'''

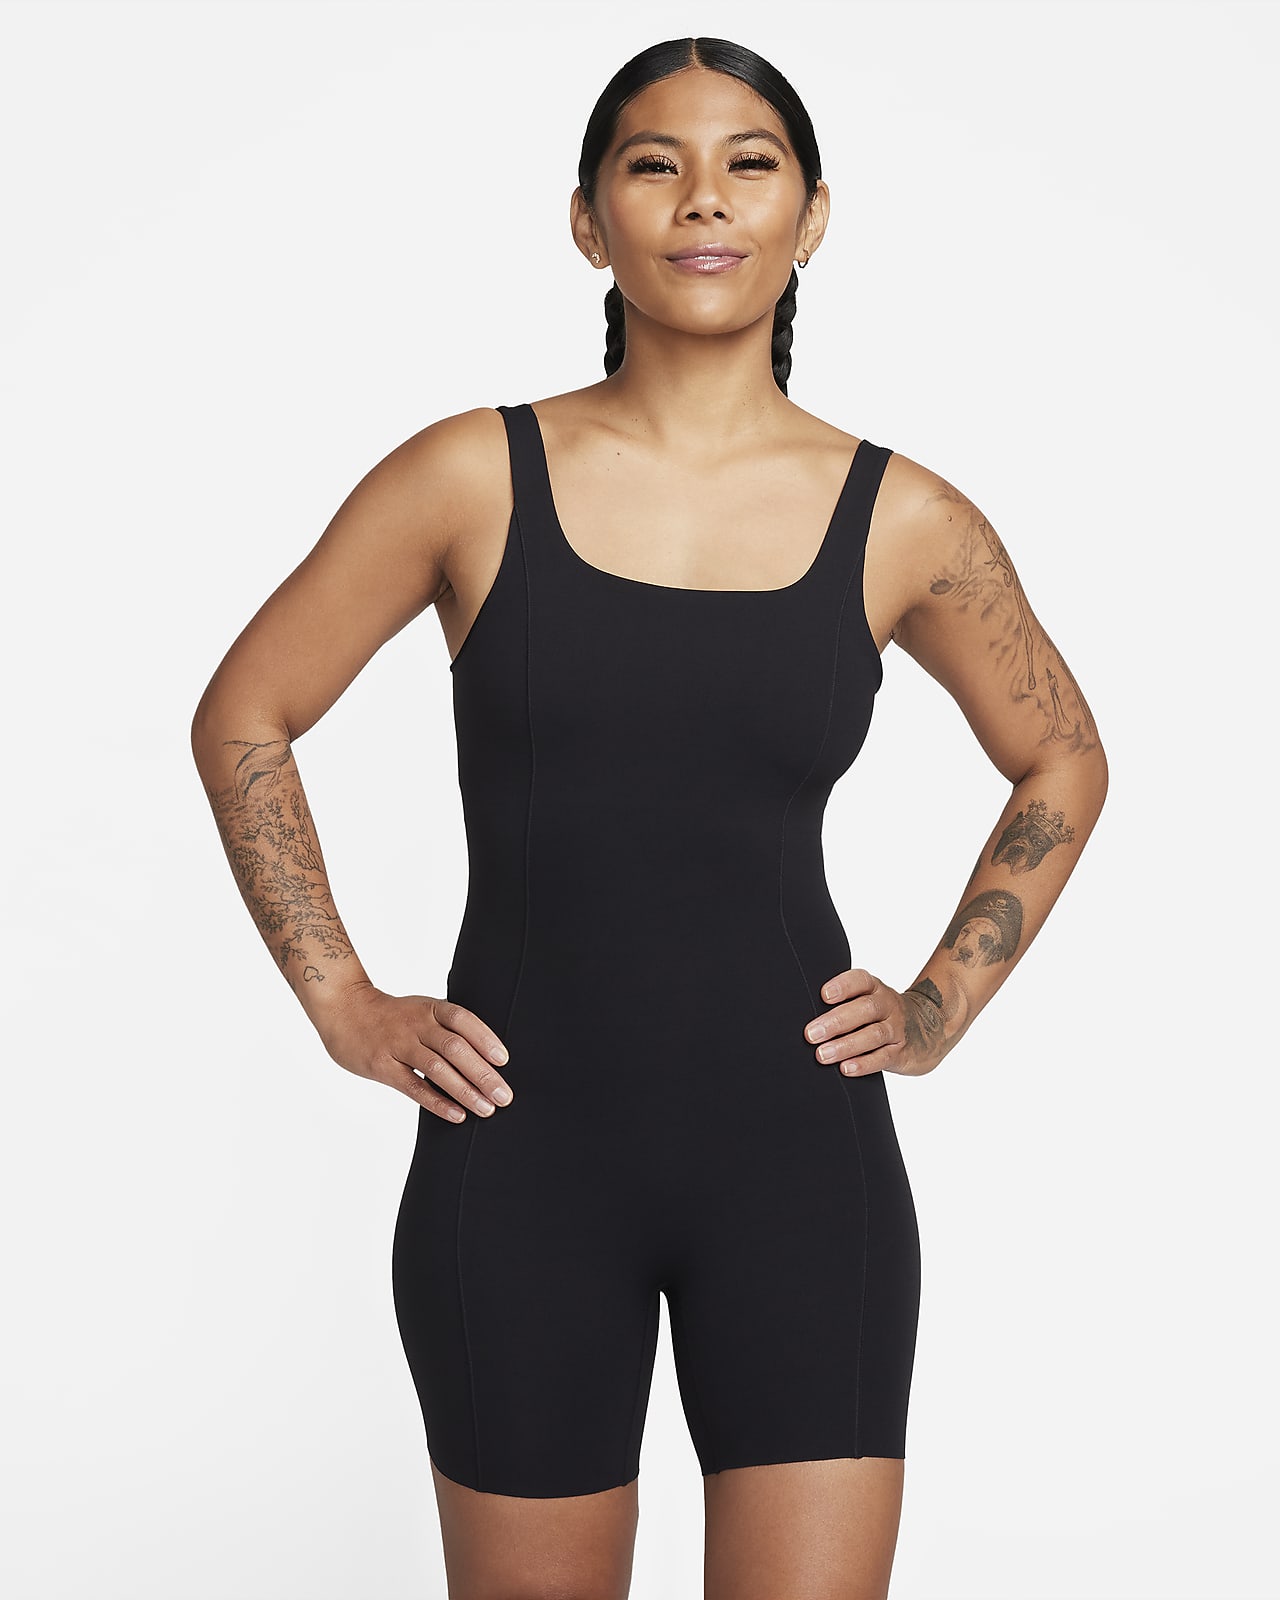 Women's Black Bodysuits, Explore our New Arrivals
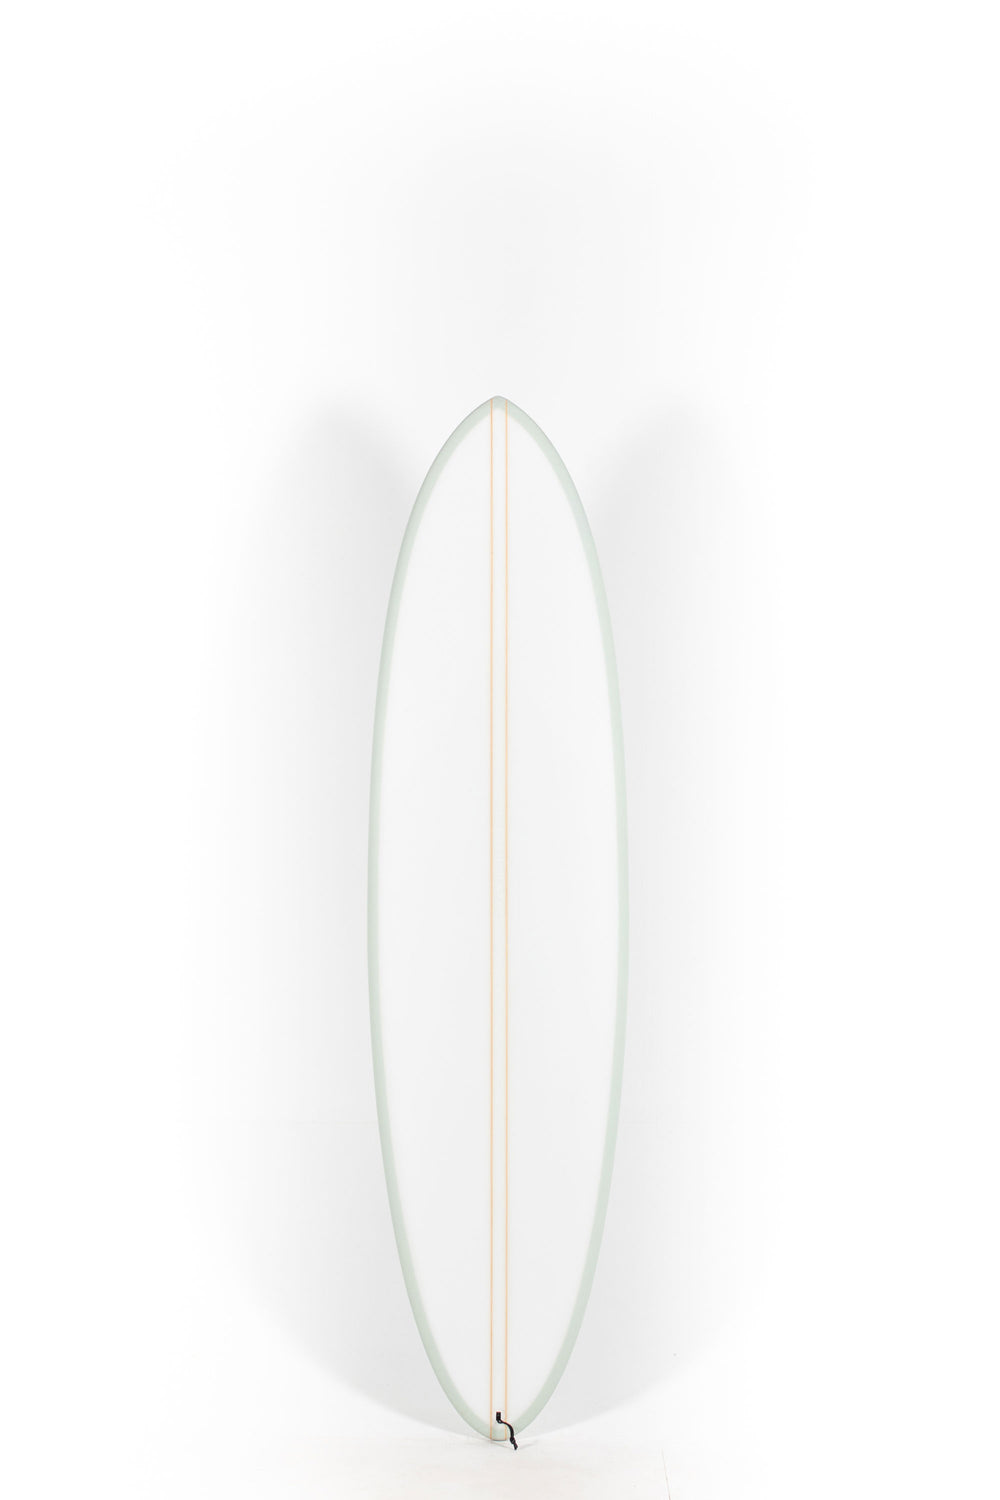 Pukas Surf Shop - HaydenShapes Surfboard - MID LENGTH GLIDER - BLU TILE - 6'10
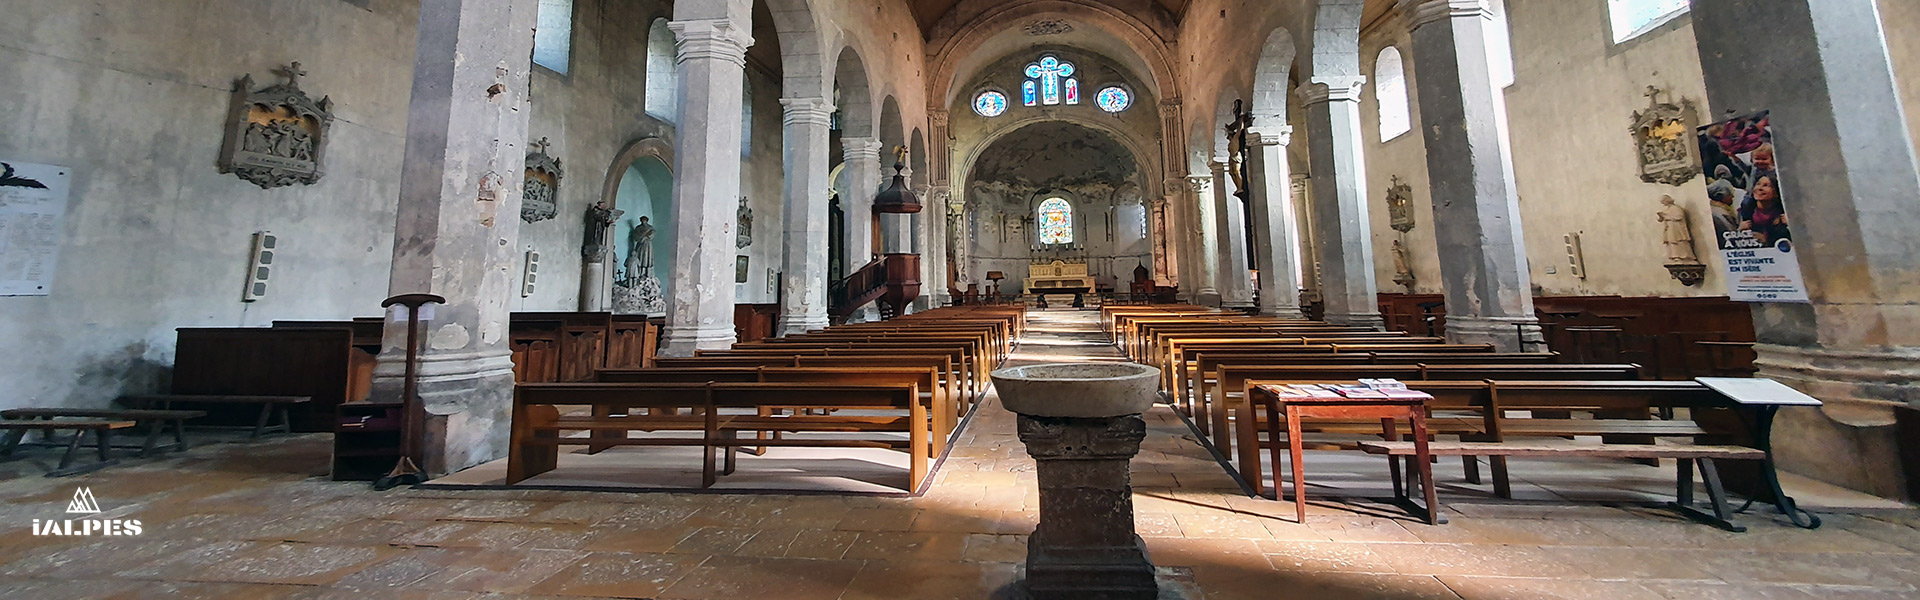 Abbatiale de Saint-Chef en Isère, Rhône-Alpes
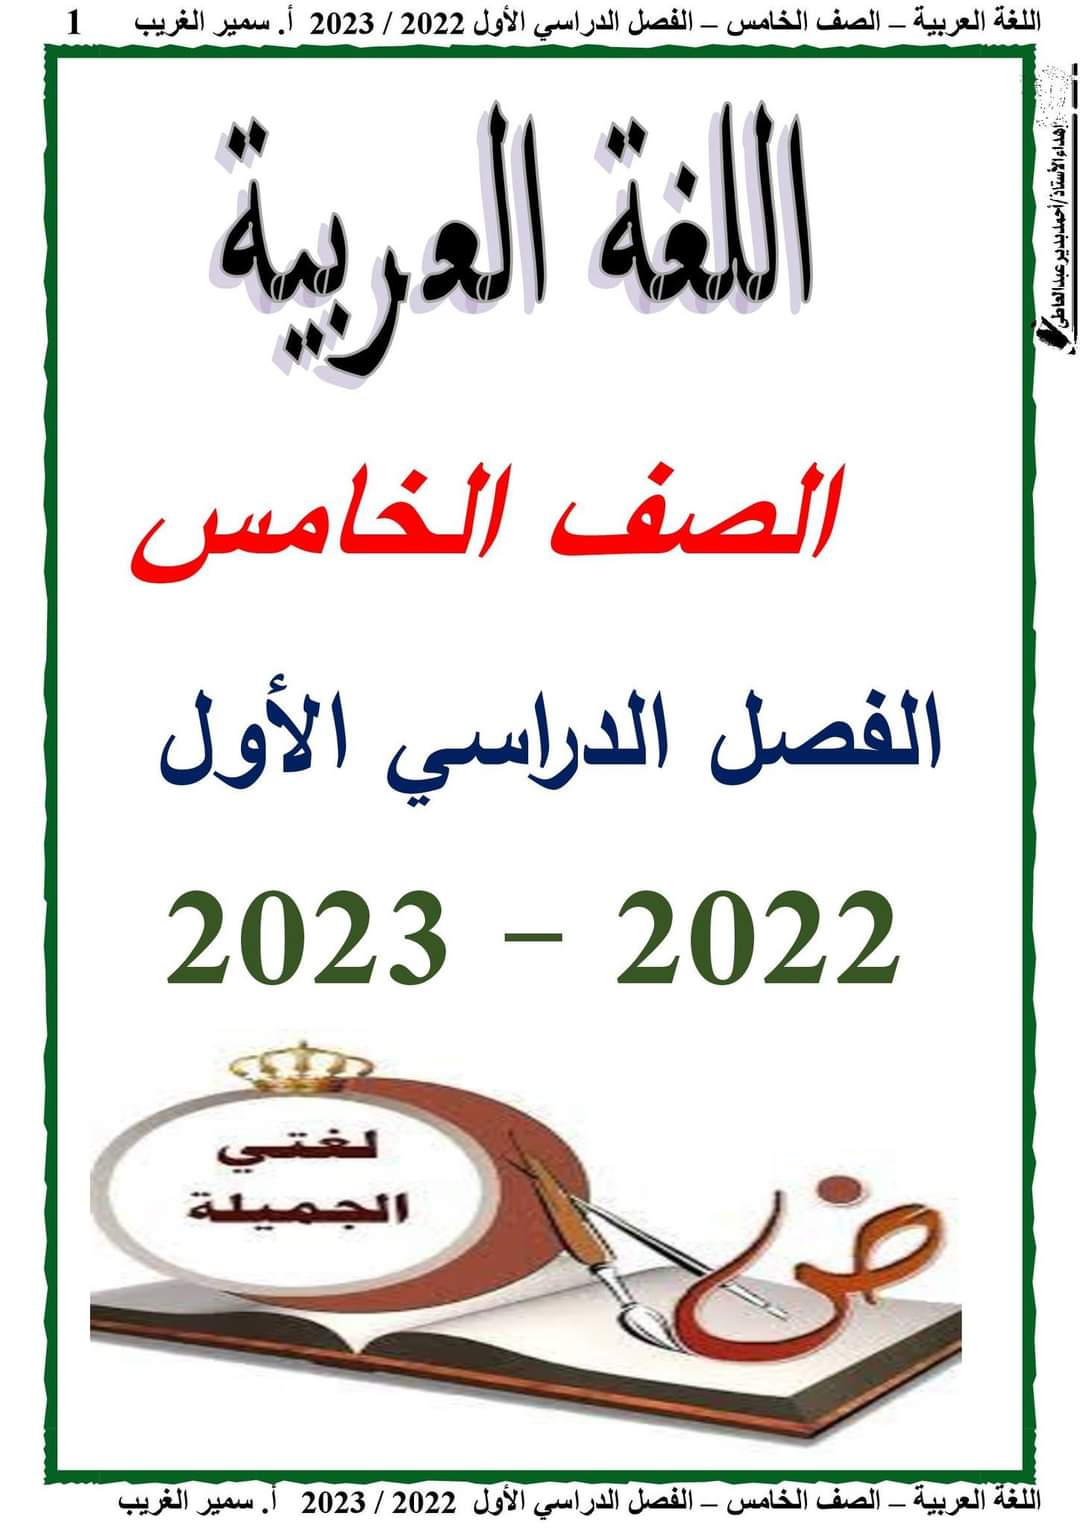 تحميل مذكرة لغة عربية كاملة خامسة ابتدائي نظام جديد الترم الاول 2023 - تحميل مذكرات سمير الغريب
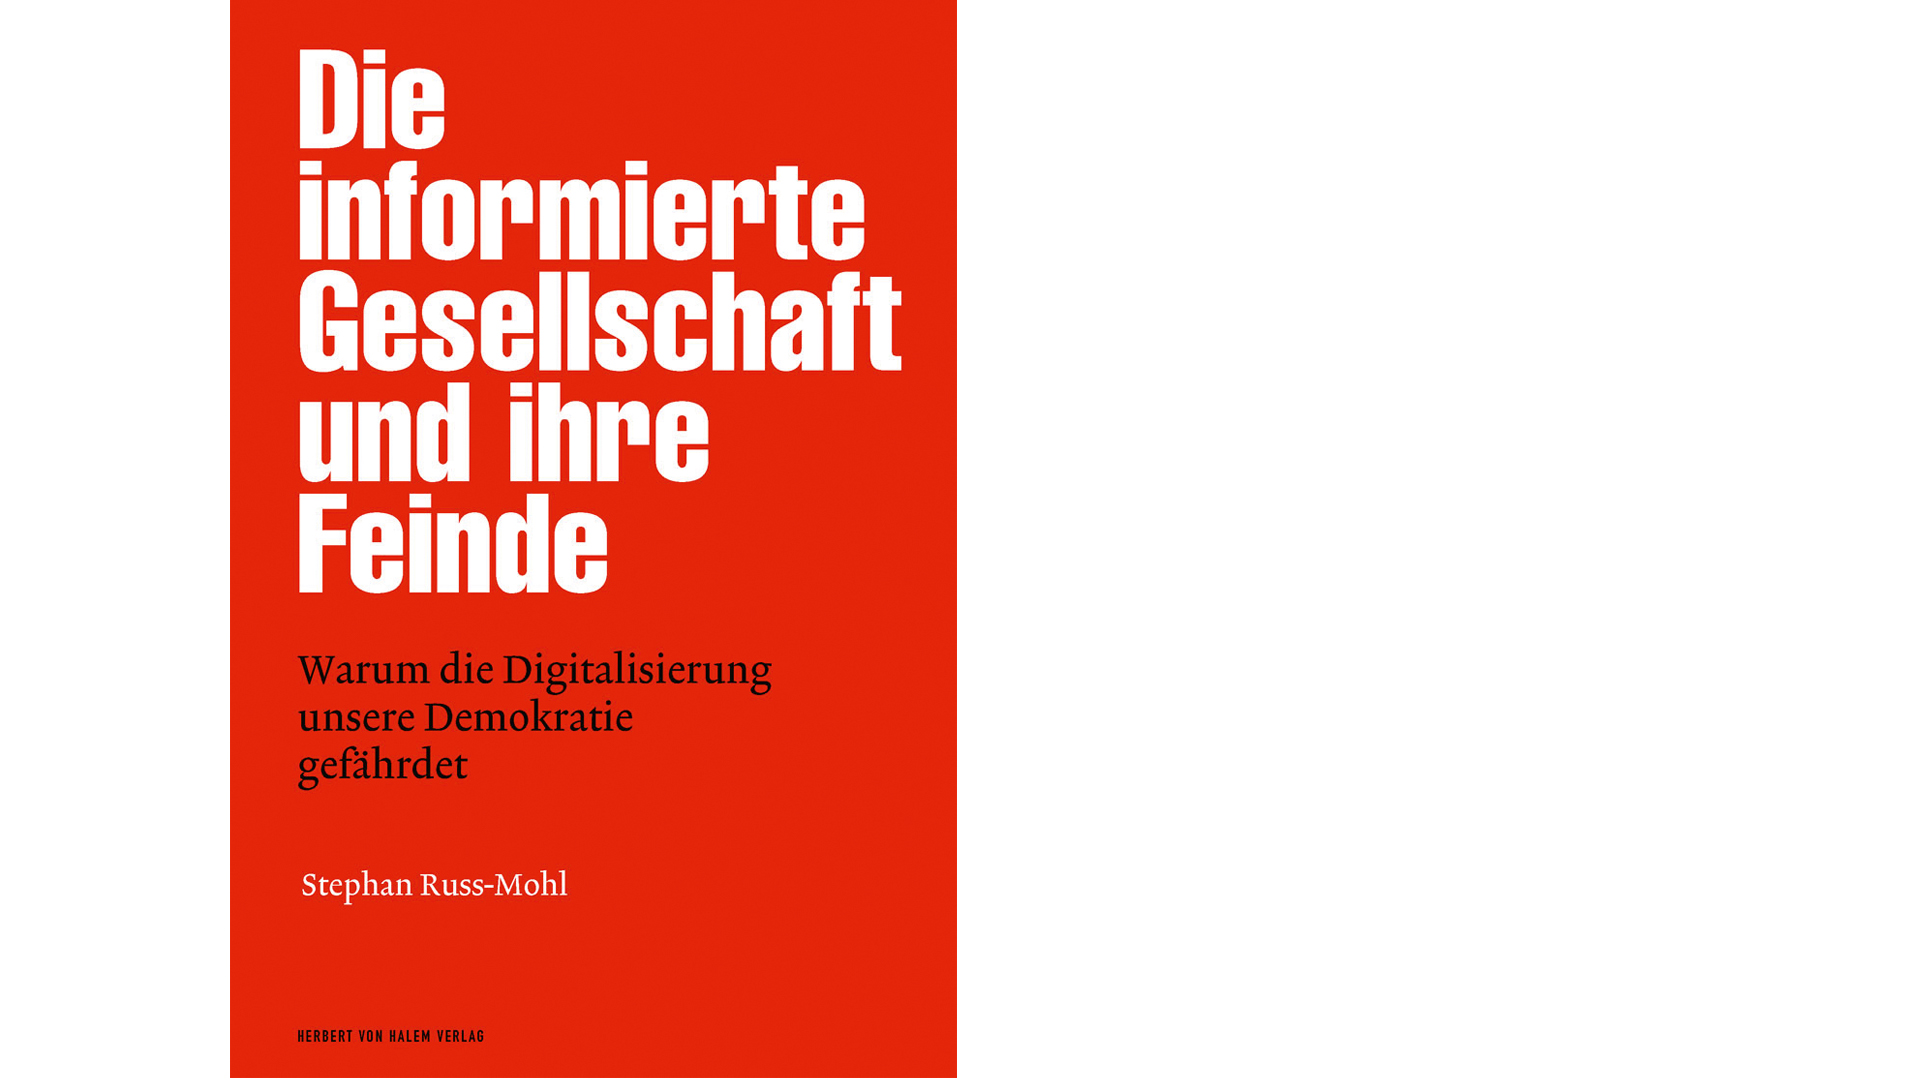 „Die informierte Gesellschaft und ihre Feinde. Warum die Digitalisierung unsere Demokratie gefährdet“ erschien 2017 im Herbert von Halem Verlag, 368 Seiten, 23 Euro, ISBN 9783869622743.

'''

WORK TO COMPLETE:
Whenever images occur above, omit them and retype each line exactly as it stands.

ANSWER TO THIS EXERCISE:
 Women's Black Bodysuits, Explore our New Arrivals
 Pukas Surf Shop - HaydenShapes Surfboard - MID LENGTH GLIDER - BLU TILE - 6'10
 Abbatiale de Saint-Chef en Isère, Rhône-Alpes
 تحميل مذكرة لغة عربية كاملة خامسة ابتدائي نظام جديد الترم الاول 2023 - تحميل مذكرات سمير الغريب
 „Die informierte Gesellschaft und ihre Feinde. Warum die Digitalisierung unsere Demokratie gefährdet“ erschien 2017 im Herbert von Halem Verlag, 368 Seiten, 23 Euro, ISBN 9783869622743.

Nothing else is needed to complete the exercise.